Entries supplied:
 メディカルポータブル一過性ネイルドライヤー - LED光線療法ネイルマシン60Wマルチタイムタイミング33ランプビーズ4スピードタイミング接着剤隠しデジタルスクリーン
--
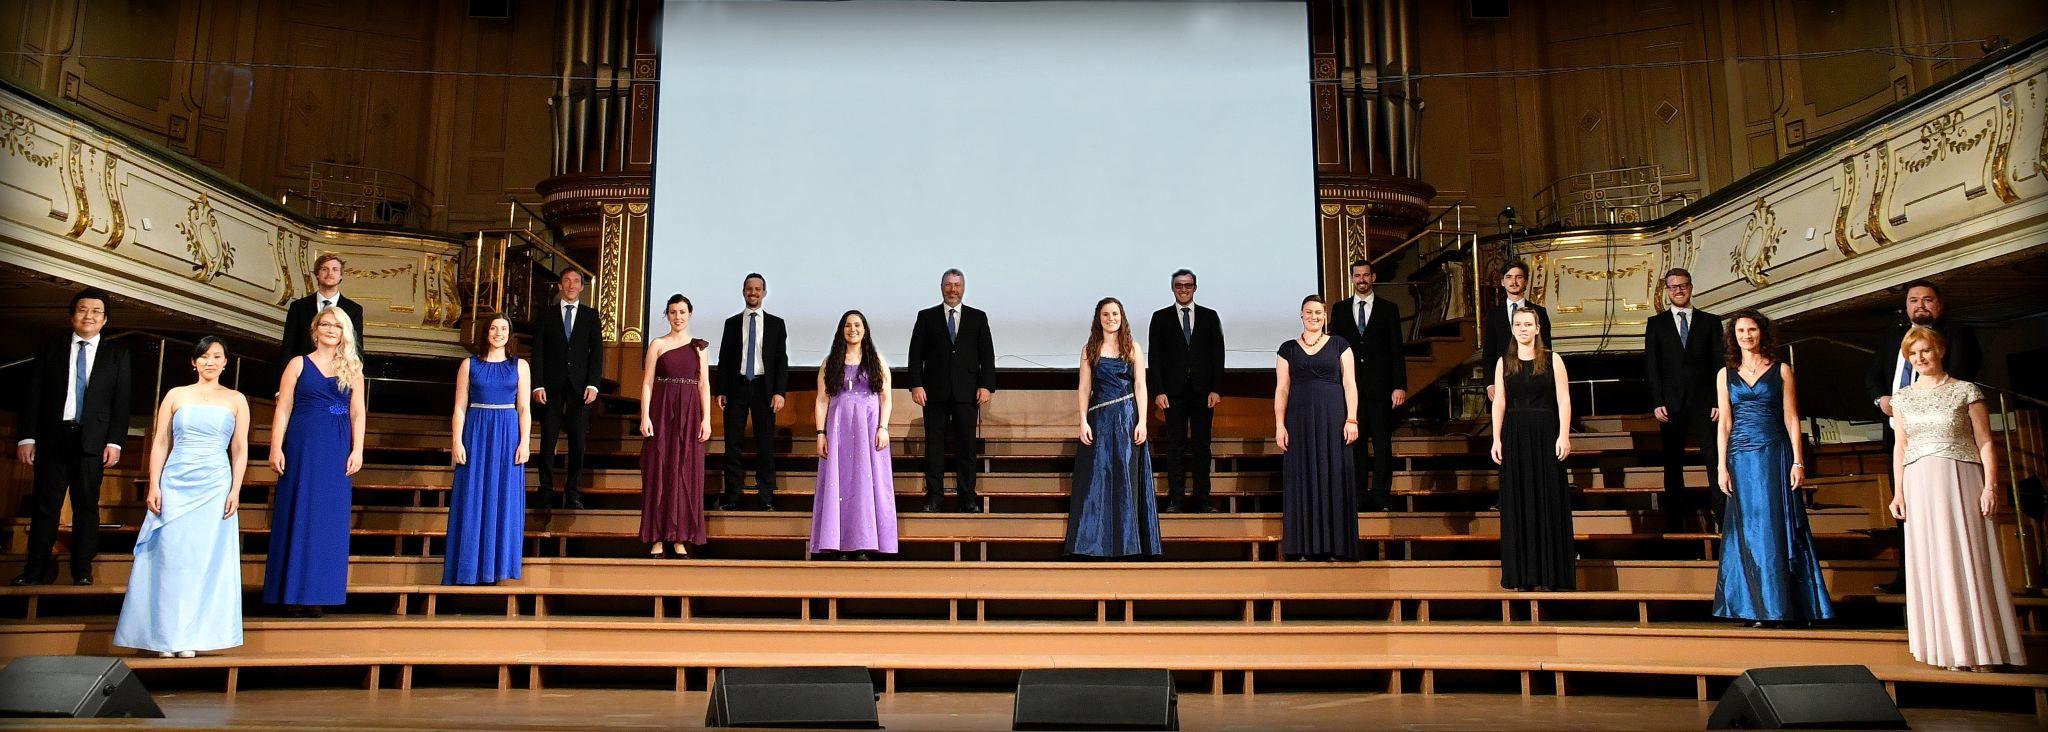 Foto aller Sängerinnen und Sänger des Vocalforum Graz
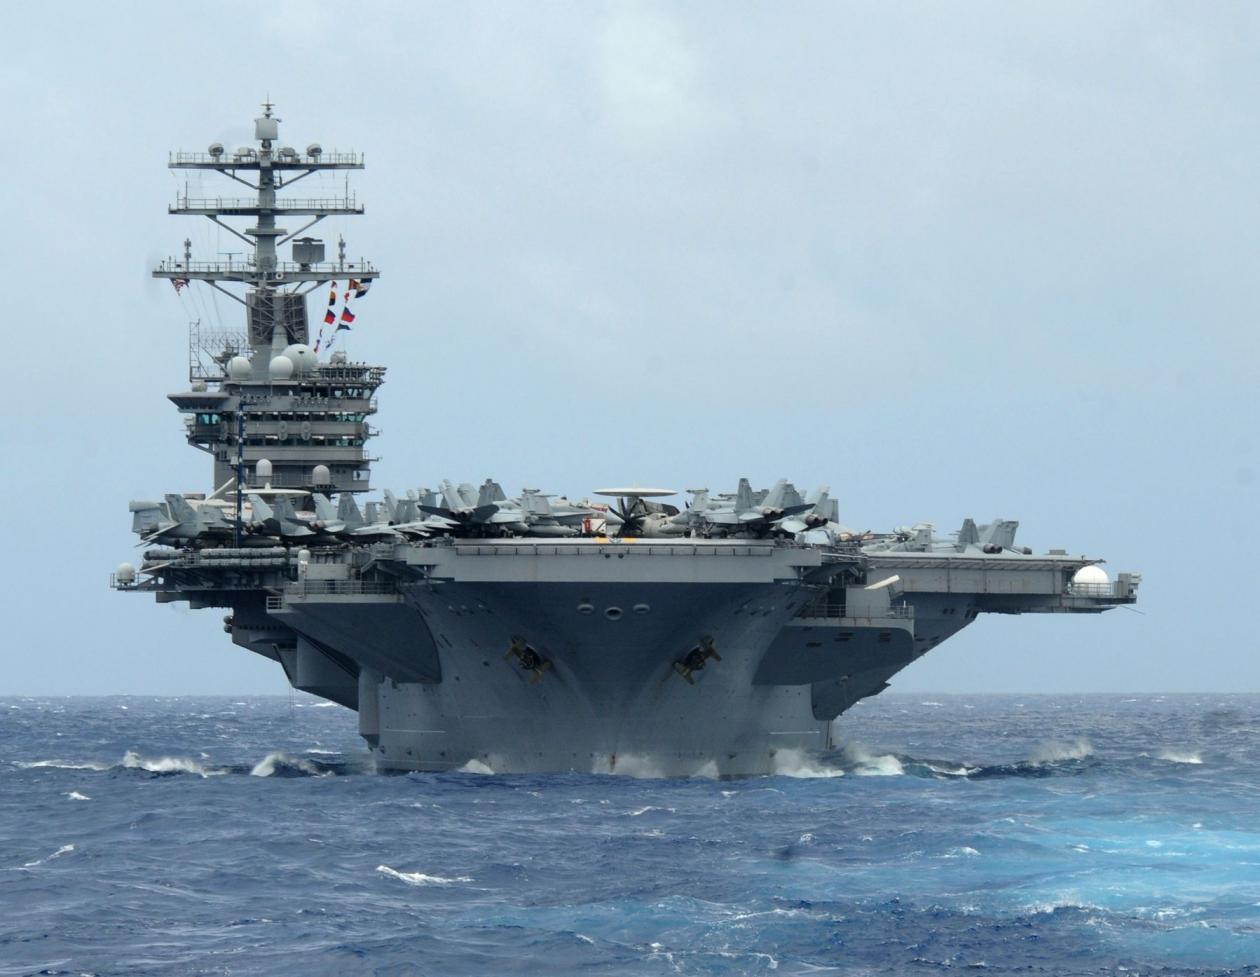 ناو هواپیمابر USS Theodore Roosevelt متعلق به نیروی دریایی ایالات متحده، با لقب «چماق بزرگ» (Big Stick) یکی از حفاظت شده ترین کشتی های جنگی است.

Exercise requirements: Above are some entries. Restate word for word the lines from the one holding "Foto aller Sängerinnen" through the one holding "ناو هواپیمابر USS", but not the pictures.

Final answer:
 Foto aller Sängerinnen und Sänger des Vocalforum Graz
 ناو هواپیمابر USS Theodore Roosevelt متعلق به نیروی دریایی ایالات متحده، با لقب «چماق بزرگ» (Big Stick) یکی از حفاظت شده ترین کشتی های جنگی است.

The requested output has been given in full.